**Source material**.
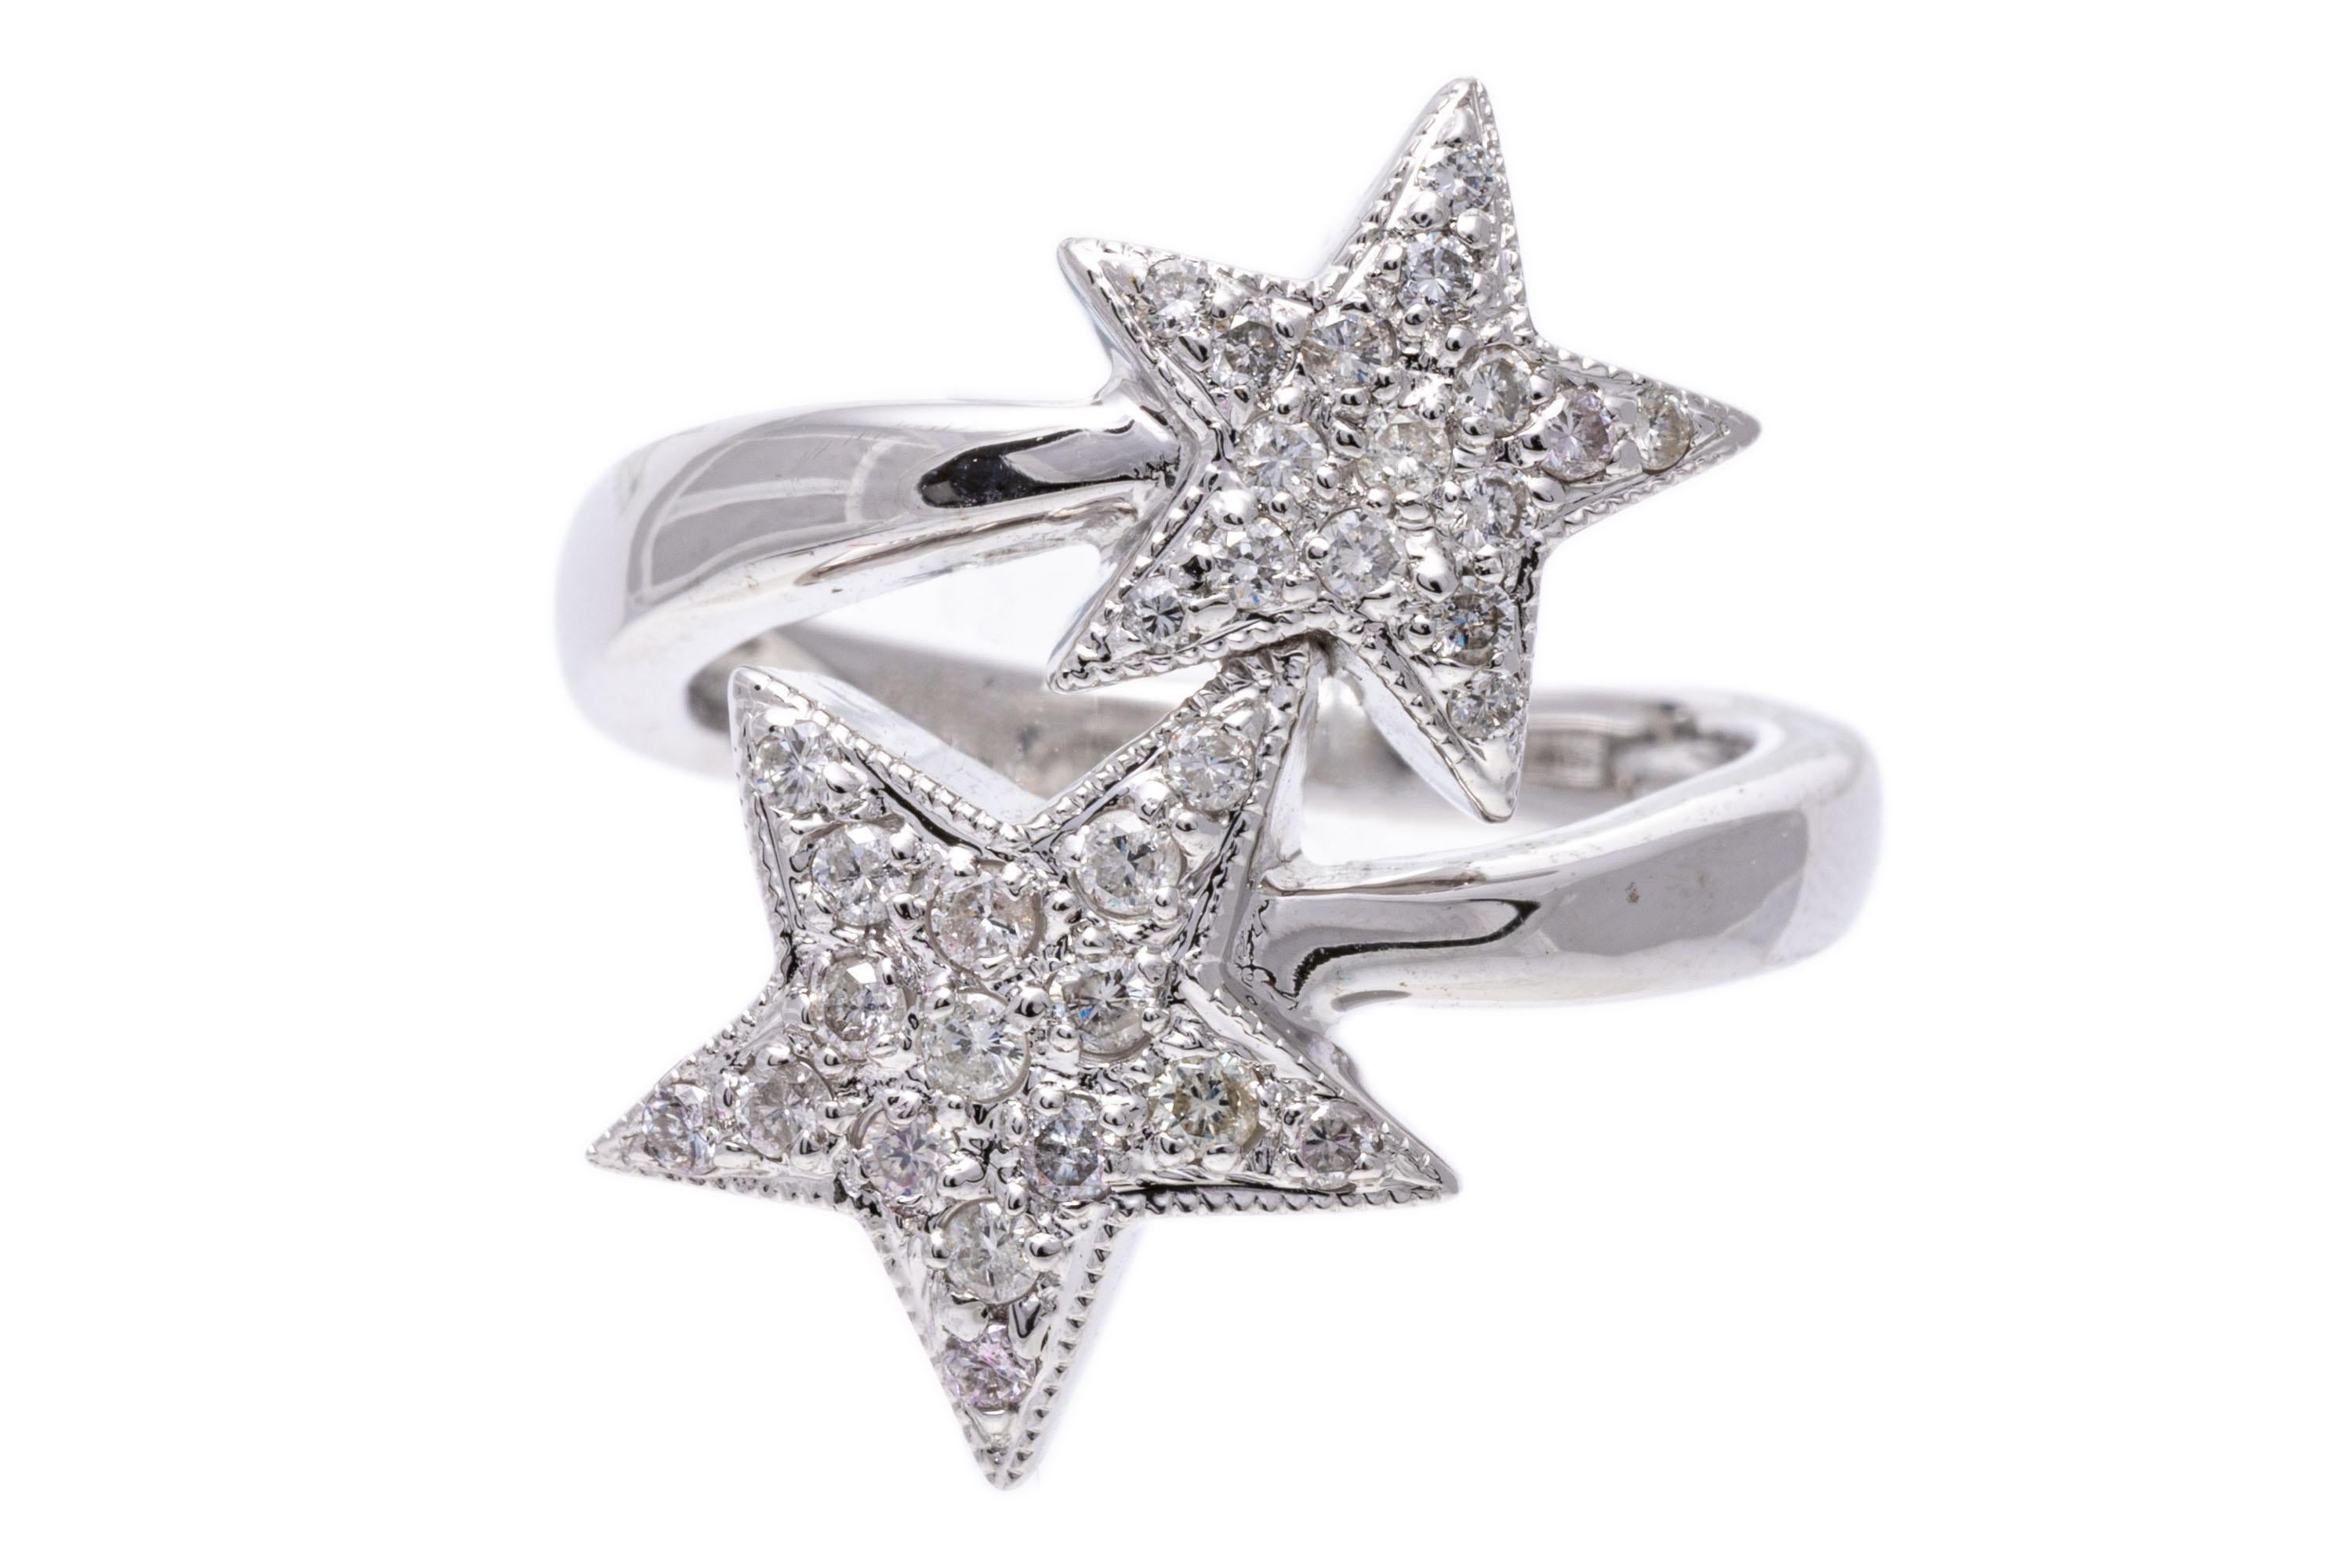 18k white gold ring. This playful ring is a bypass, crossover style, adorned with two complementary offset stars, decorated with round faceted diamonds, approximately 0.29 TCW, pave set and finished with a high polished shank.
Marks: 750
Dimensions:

**Task to carry out**. Leaving the pictures out, output the material exactly as it appears.

**Reply to the task**.
 18k white gold ring. This playful ring is a bypass, crossover style, adorned with two complementary offset stars, decorated with round faceted diamonds, approximately 0.29 TCW, pave set and finished with a high polished shank.
Marks: 750
Dimensions:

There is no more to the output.